The Machiavelli Myth
August 17, 2010 9:08 AM   Subscribe

 
This seems to be the thesis of The Politician, written by John Edward's staffer/alibi Andrew Young, which reads like watching a trainwreck.
posted by Vectorcon Systems at 9:15 AM on August 17, 2010 [1 favorite]


They also spend much less time making eye contact, at least when a person without power is talking.

I know this isn't exactly what they mean, but I'm always surprised to hear about actresses like Julie Andrews or Sandra Bullock -- lovely people famous for their likeable personas -- who have it made explicitly clear to everyone on movie sets that no one is to make eye contact with them.
posted by hermitosis at 9:20 AM on August 17, 2010 [2 favorites]


Hermitosis, this is pretty enlightening re. the whole actors and eye contact thing
posted by Quantum's Deadly Fist at 9:27 AM on August 17, 2010 [1 favorite]


I'm always surprised to hear about actresses like Julie Andrews or Sandra Bullock -- lovely people famous for their likeable personas -- who have it made explicitly clear to everyone on movie sets that no one is to make eye contact with them.

That explains a lot about my interactions with the Marketing department at work.
posted by goethean at 9:29 AM on August 17, 2010 [1 favorite]

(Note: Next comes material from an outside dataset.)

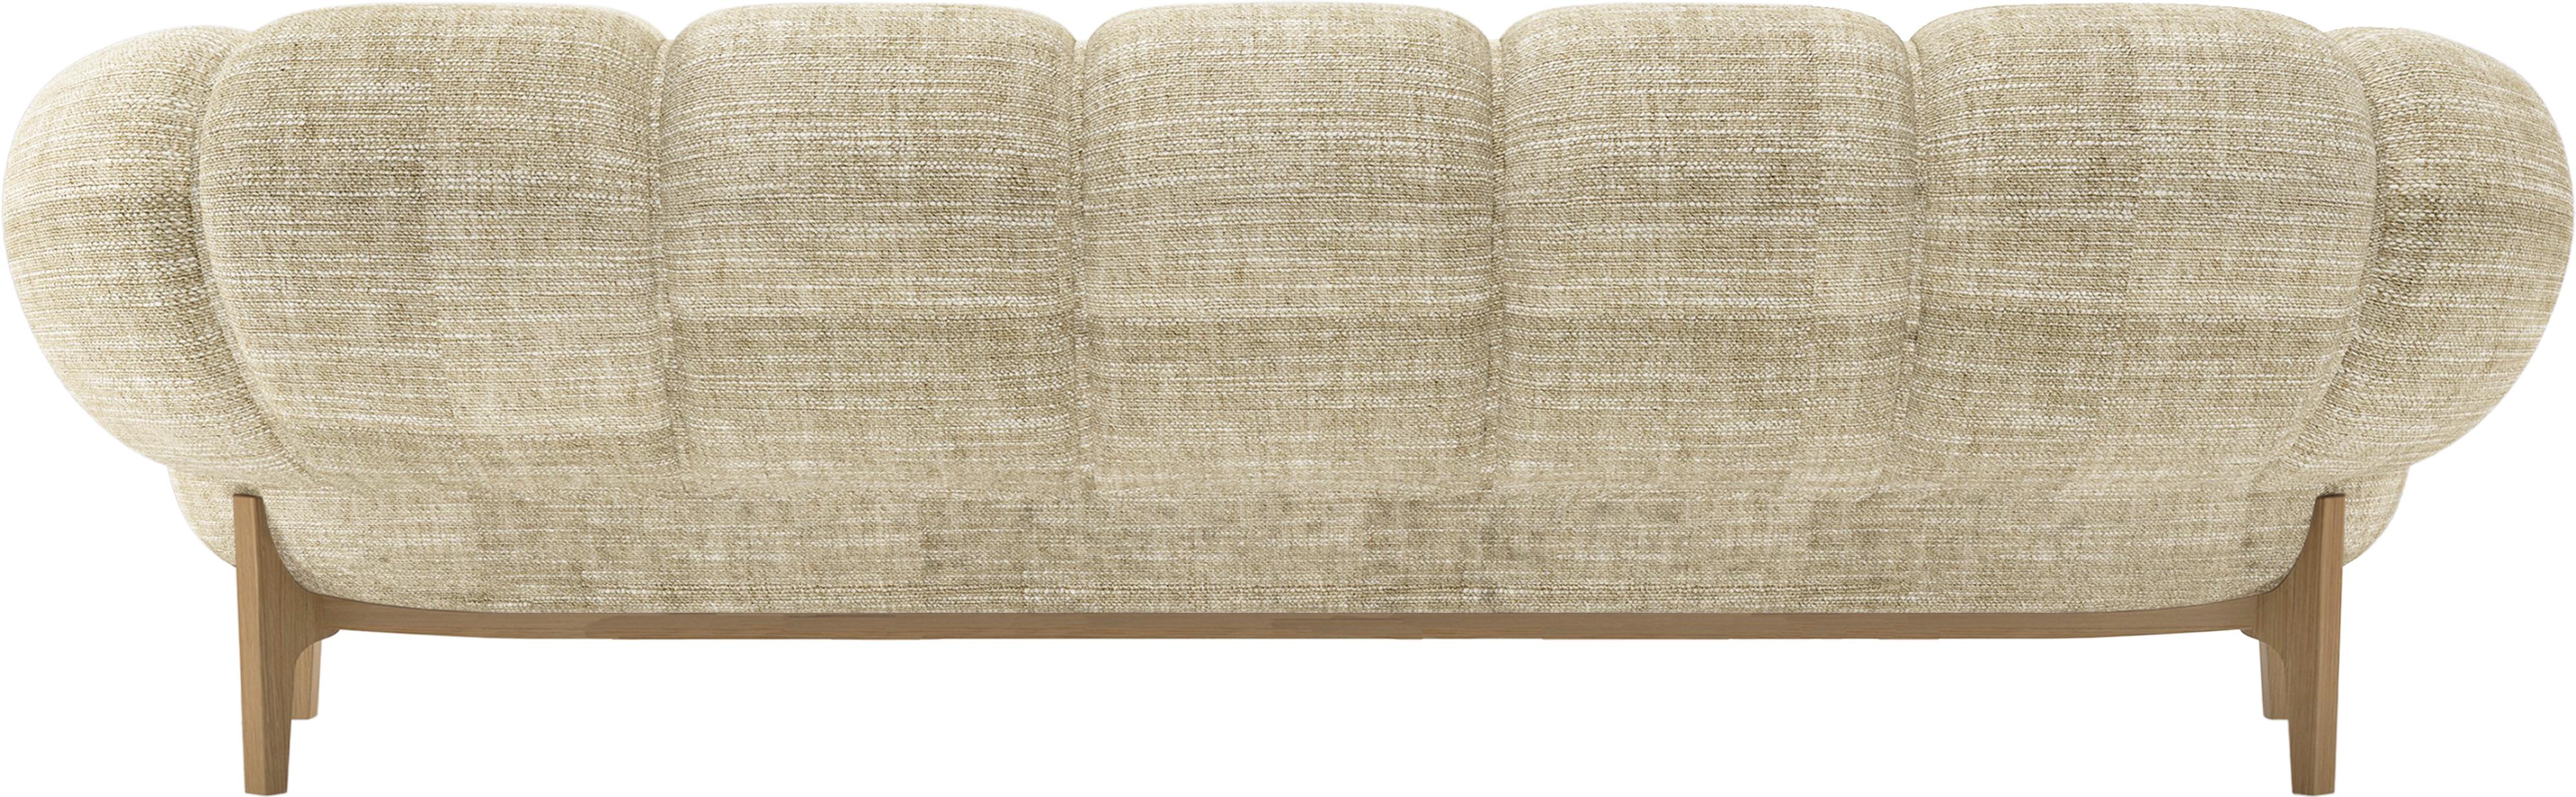 Mid-Century Modern Fabric 'Croissant' Sofa by Illum Wikkelsø for GUBI with Oak Legs For Sale

Oops, this is the relevant part, but the whole thing is definitely worth reading.
posted by Quantum's Deadly Fist at 9:31 AM on August 17, 2010 [7 favorites]


My view is you are who you are. Power/money/alcohol just amplify it. These folks were rude and nasty before; you just didn't notice it as much is all.
posted by grubi at 9:45 AM on August 17, 2010


I'm always surprised to hear about actresses like Julie Andrews or Sandra Bullock -- lovely people famous for their likeable personas -- who have it made explicitly clear to everyone on movie sets that no one is to make eye contact with them.

it's entirely possible they try not to feel self-conscious (which, I realize for an actor seems ironic, but totally realistic) and ask people assist them in that. "Don't look him in the eye" isn't always about power dynamics.
posted by grubi at 9:47 AM on August 17, 2010


From the article: According to psychologists, one of the main problems with authority is that it makes us less sympathetic to the concerns and emotions of others.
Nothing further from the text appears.